There’s a man queuing for the bus, battered paperback in one hand and groceries in the other. The air is saturated by pigeon feathers and the overripe smell of warm grapes from the fruit shop.
A girl stands nearby, swathed in dark blue silk. Only her eyes are visible.
An old woman stumbles out from an alleyway and starts a lengthy conversation with no one on the quality and consistency of grey-white spatter that covers the footpath.
A man sleeps in a doorway, cradled by warm cement. A lit cigarette is balanced precariously on his lips.
Tall Africans move through the crowd gracefully while white trash flock around like seagulls, squawking at their children.Take a man, rewind two years, and you will find him finally freed from exams and assignments after half a dozen long years, those final months grueling, the mental equivalent of fingernails on blackboards. Sometimes when he sits down he wonders if he’ll ever be able to get back up again.

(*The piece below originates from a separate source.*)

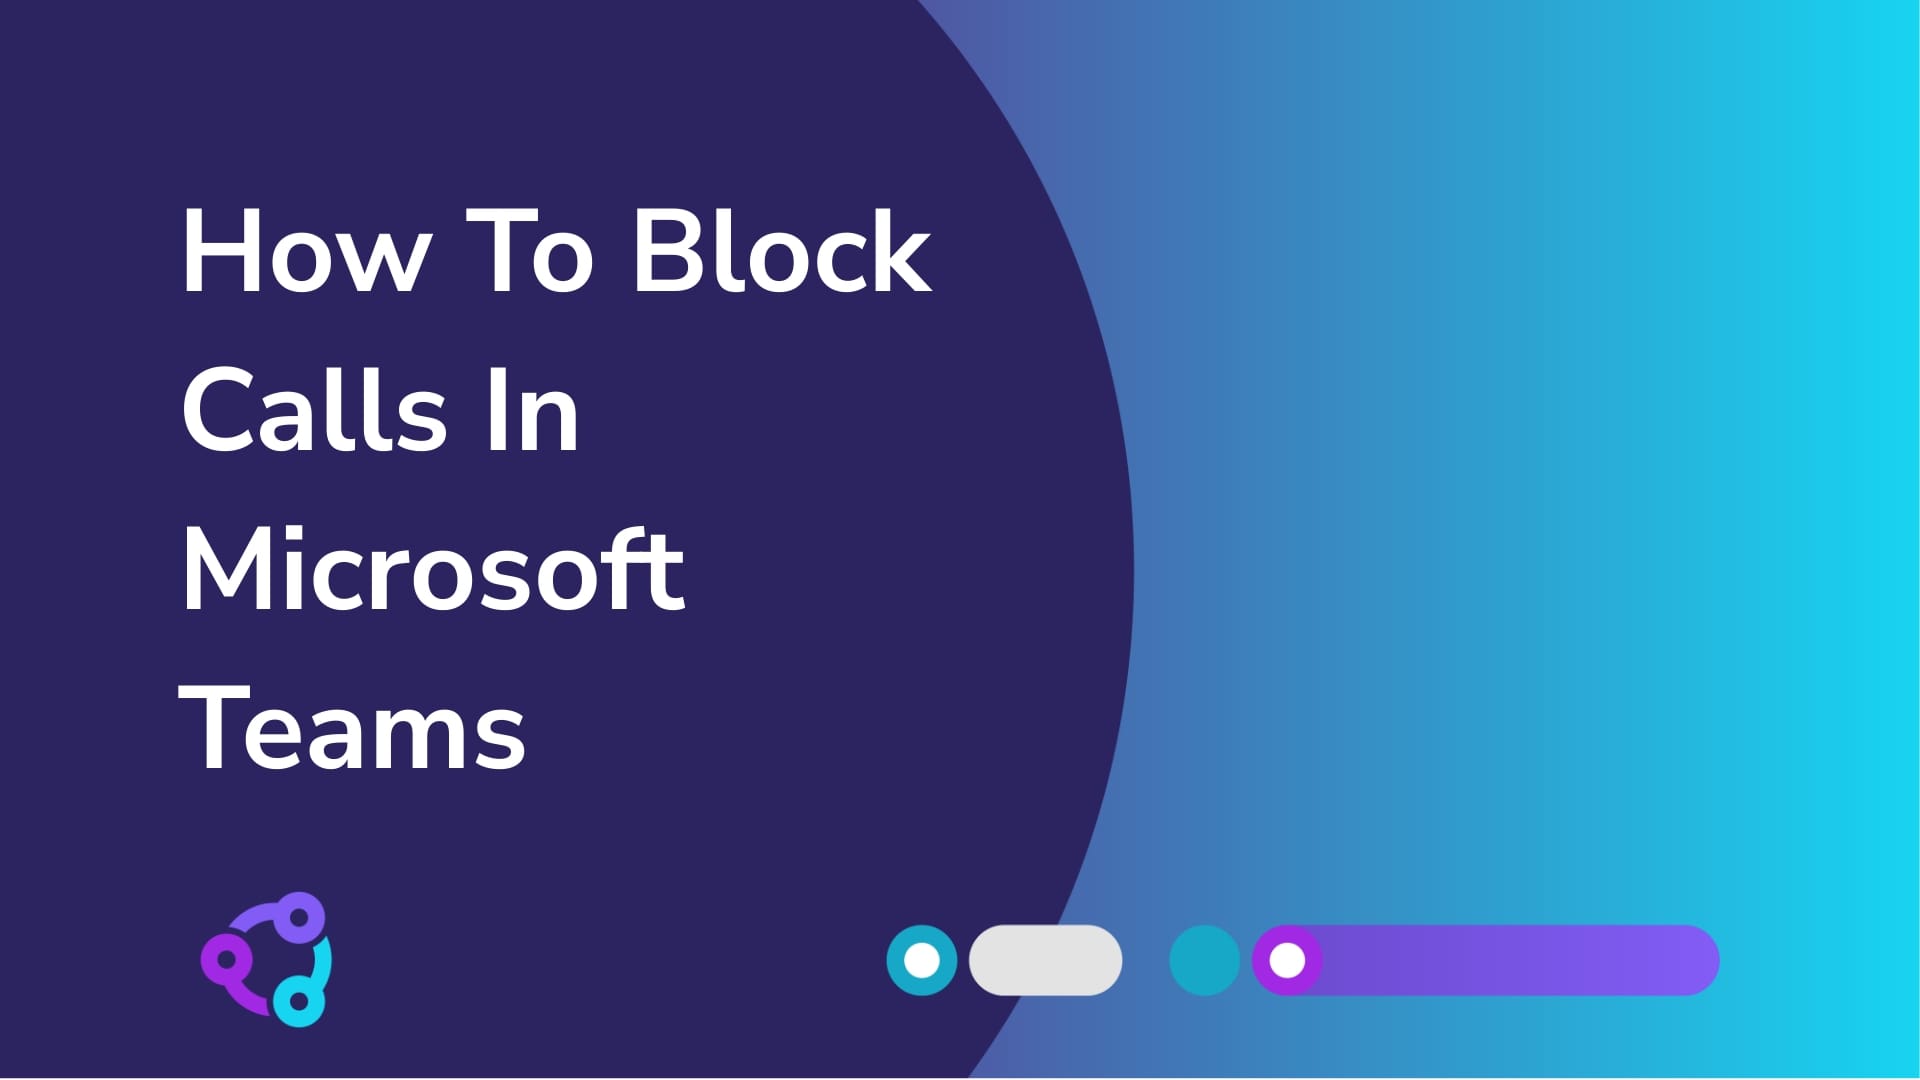 How to block calls in Microsoft Teams
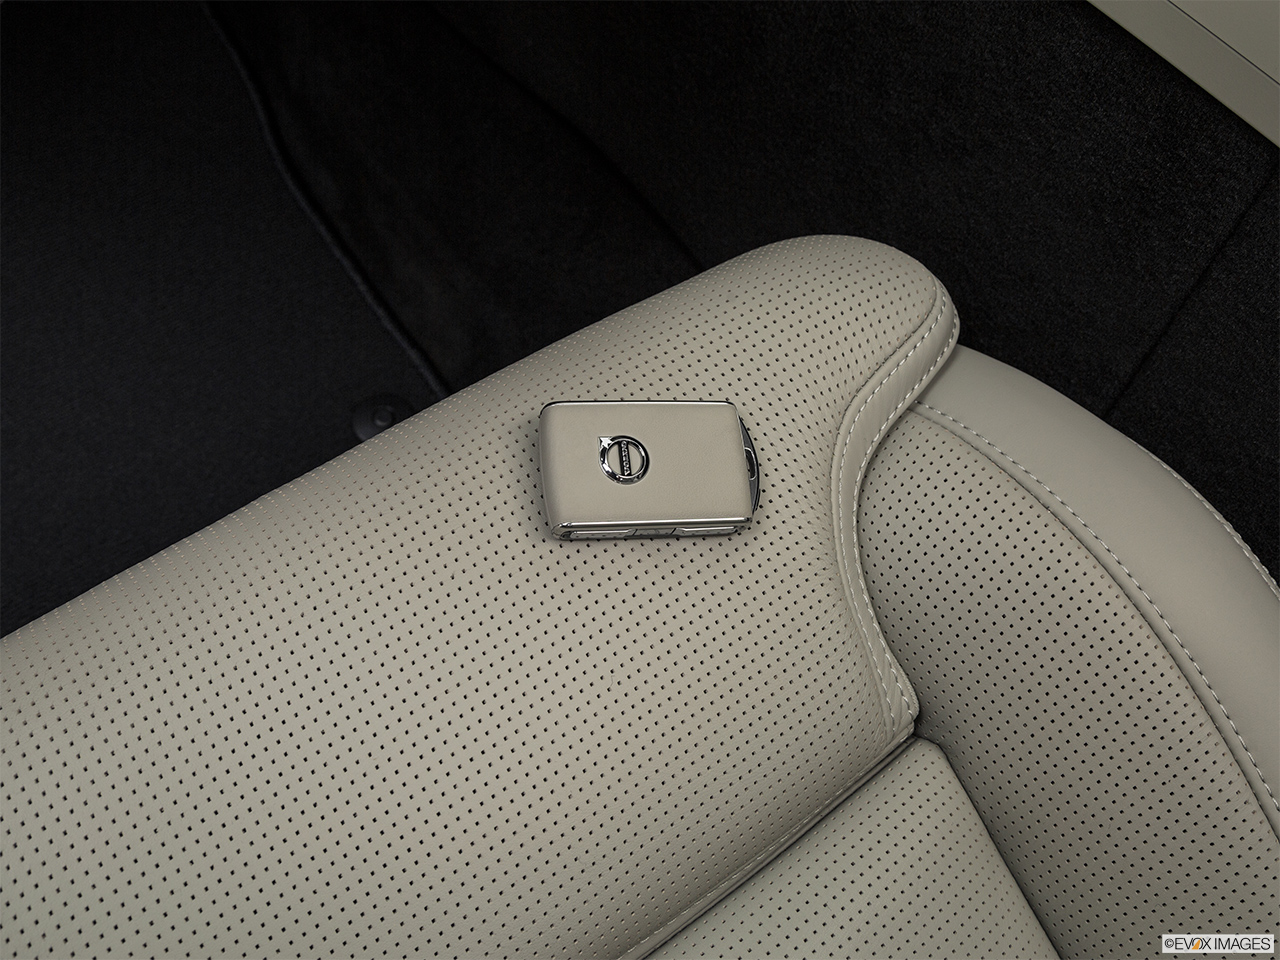 2019 Volvo XC60 T6 Inscription Key fob on driver's seat.

Rewind three years. He is watching someone, a strange man-child who can lead a conversation from wookiee martial arts through to the Terminator movies without drawing breath. The stranger is currently recounting, word for word and action for action, scenes from Indiana Jones and the Temple of Doom. This odd creature will later be known for his performance at the local comics store, stalking up the stairs like he was Tarantino’s Bride. He’s short, slightly round and Taiwanese. He makes Star Wars fan films, and one day he may actually kill everyone who’s ever laughed at him. Downstairs, co-workers poke each other’s nipples with pens and listen to Rammstein. The room smells like sweat, soy sauce and lonely men’s bungalows.

Rewind five years. He’s meeting a girl who likes anime. She doesn’t know it yet but there’s a whole lot of evil in her stomach, wrapping thick black weeds through her choked insides. It’ll be enough to make her scream and stumble through the morphine. For now though, that scar-tissue kudzu is far away.

Rewind nine years. He’s a boy, now, talking to a girl who might be interesting or cool or tragically sad but she doesn’t know whether that’s just the chemicals talking. They’re peeling chocolate icing from the top of school cafeteria doughnuts, talking about horse tranquilizers and the significance of the lily. He’s addicted to nicotine but has never smoked.

Fast forward six years and he’ll be ruthlessly self-editing, bringing down the scalpel of time and memory, selectively removing those narratives that went nowhere.